The Application makes one more point, which the discussion in this blog did not anticipate – that the Judiciary cannot examine the materials relied upon by Parliament for the purpose of legislation. It said: "the interim order dated March 29, 2007 appears to sustain a challenge which invites this Hon’ble Court to enquire into whether Parliament, while exercising its primary function, that of legislating, had material before it to support the enacting of the 2006 Act. The interim order dated March 29, 2007 further appears to sustain a challenge which seeks to scrutinize the adequacy or otherwise of the material underlying the 2006 Act. It is most respectfully submitted that such an inquiry departs from the well established principles in regard to judicial review of legislation".

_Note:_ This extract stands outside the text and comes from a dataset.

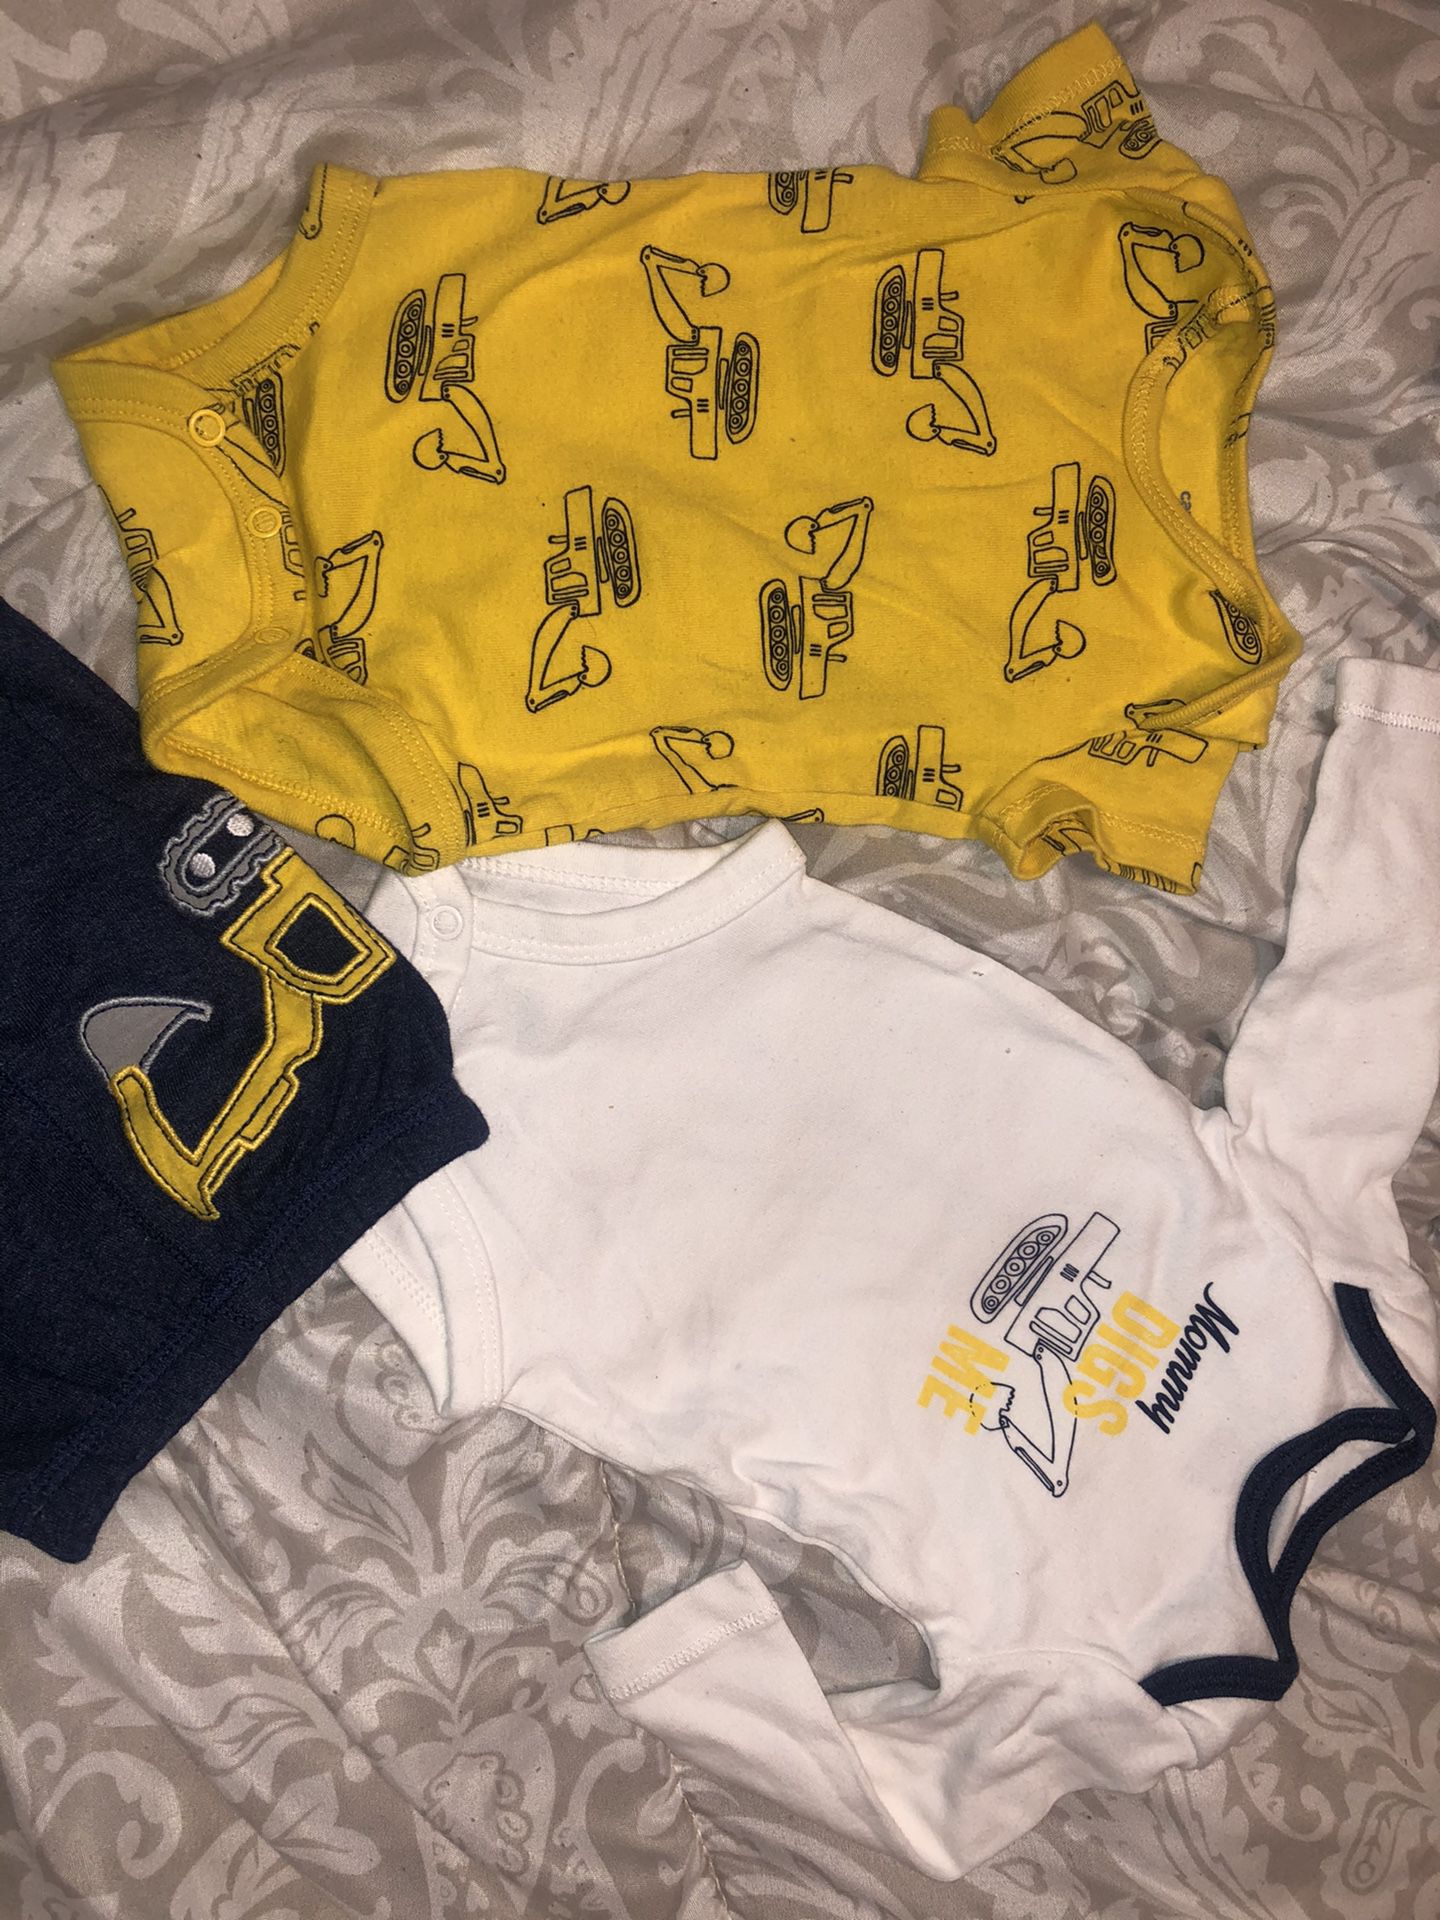 Baby trucks outfit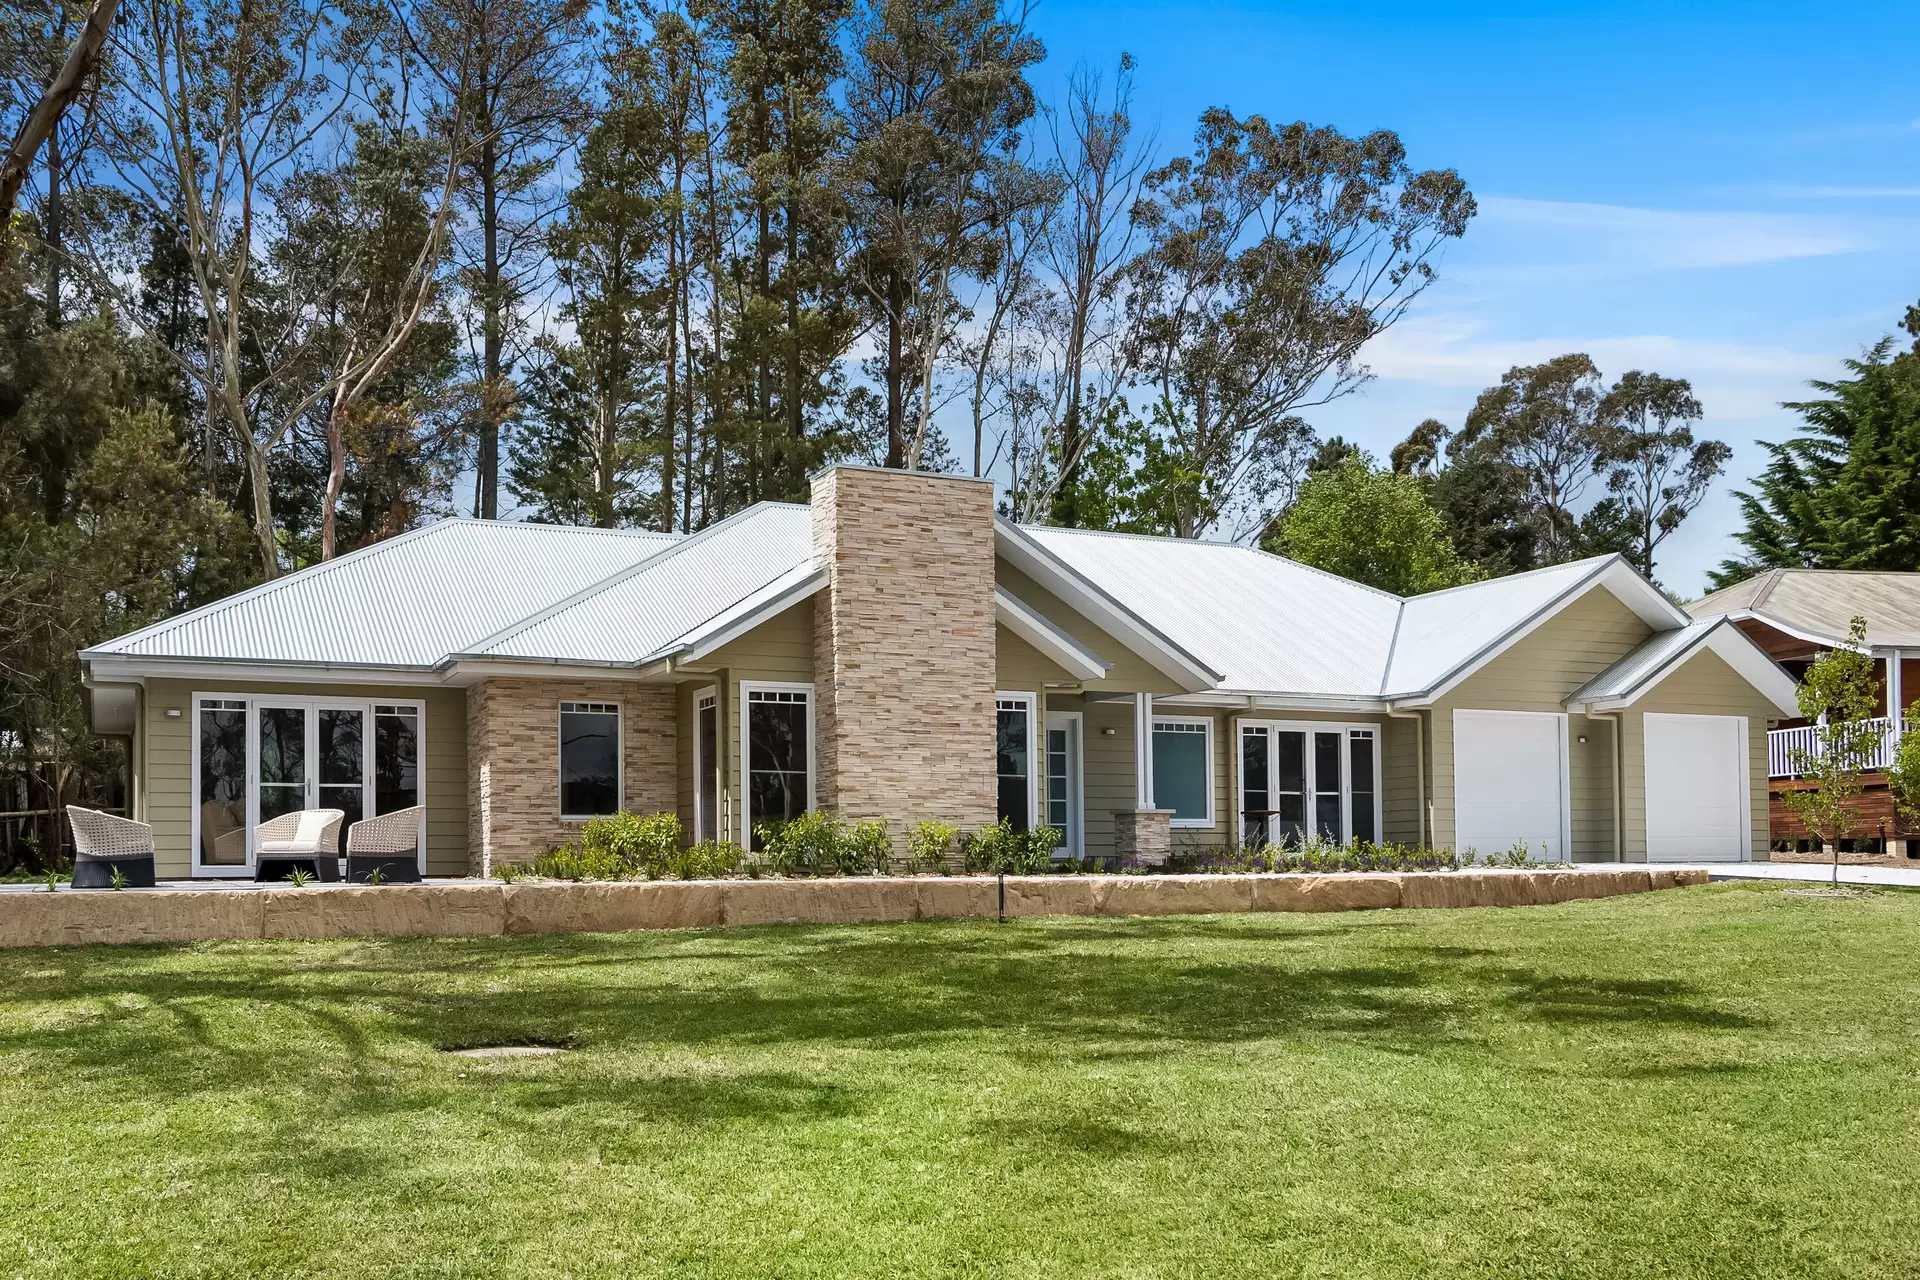 Photo #15: 4 Fountain Street, Berrima - Sold by Drew Lindsay Sotheby's International Realty

The Application has also missed an opportunity to correct the wrong attribution of a paragraph (with a contrary inference) to Indra Sawhney, rather than to Justice O.Chinnappa Reddy in an earlier Judgment, (K.C.Vasanth Kumar) in a different context, which I have referred to in an earlier post. This paragraph in the Interim order cast aspersions on the OBCs, saying many of them queue up to claim the OBC status, without justification.
The outcome of the hearing on April 23, therefore, will be watched with interest.
The Government has also clarified that the staggering of the implementation of the 2006 Act was permitted in the statute, not on account of any infirmity in the data available with regard to the OBC population but having regard to financial, physical or academic limitations, if any, or in order to maintain the standards of education, if such limitation or difficulty was expressed by any institution. It was submitted that there was no statement made by the ASG that the staggered implementation of the Act was necessitated on account of any shortcoming in the data.
On the question of stay, the Government referred to the same case, which I had cited in one of my previous posts, but added that the present Act under challenge could be considered as a socio-economic legislation, if a distinction is sought to be raised between economic and non-economic ones to apply the principle laid down in that case. (in Bhavesh D. Parish v. Union of India, [(2000) 5 SCC 471] .
The Application makes one more point, which the discussion in this blog did not anticipate – that the Judiciary cannot examine the materials relied upon by Parliament for the purpose of legislation. It said: "the interim order dated March 29, 2007 appears to sustain a challenge which invites this Hon’ble Court to enquire into whether Parliament, while exercising its primary function, that of legislating, had material before it to support the enacting of the 2006 Act. The interim order dated March 29, 2007 further appears to sustain a challenge which seeks to scrutinize the adequacy or otherwise of the material underlying the 2006 Act. It is most respectfully submitted that such an inquiry departs from the well established principles in regard to judicial review of legislation".
The Application has also missed an opportunity to correct the wrong attribution of a paragraph (with a contrary inference) to Indra Sawhney, rather than to Justice O.Chinnappa Reddy in an earlier Judgment, (K.C.Vasanth Kumar) in a different context, which I have referred to in an earlier post. This paragraph in the Interim order cast aspersions on the OBCs, saying many of them queue up to claim the OBC status, without justification.
The outcome of the hearing on April 23, therefore, will be watched with interest.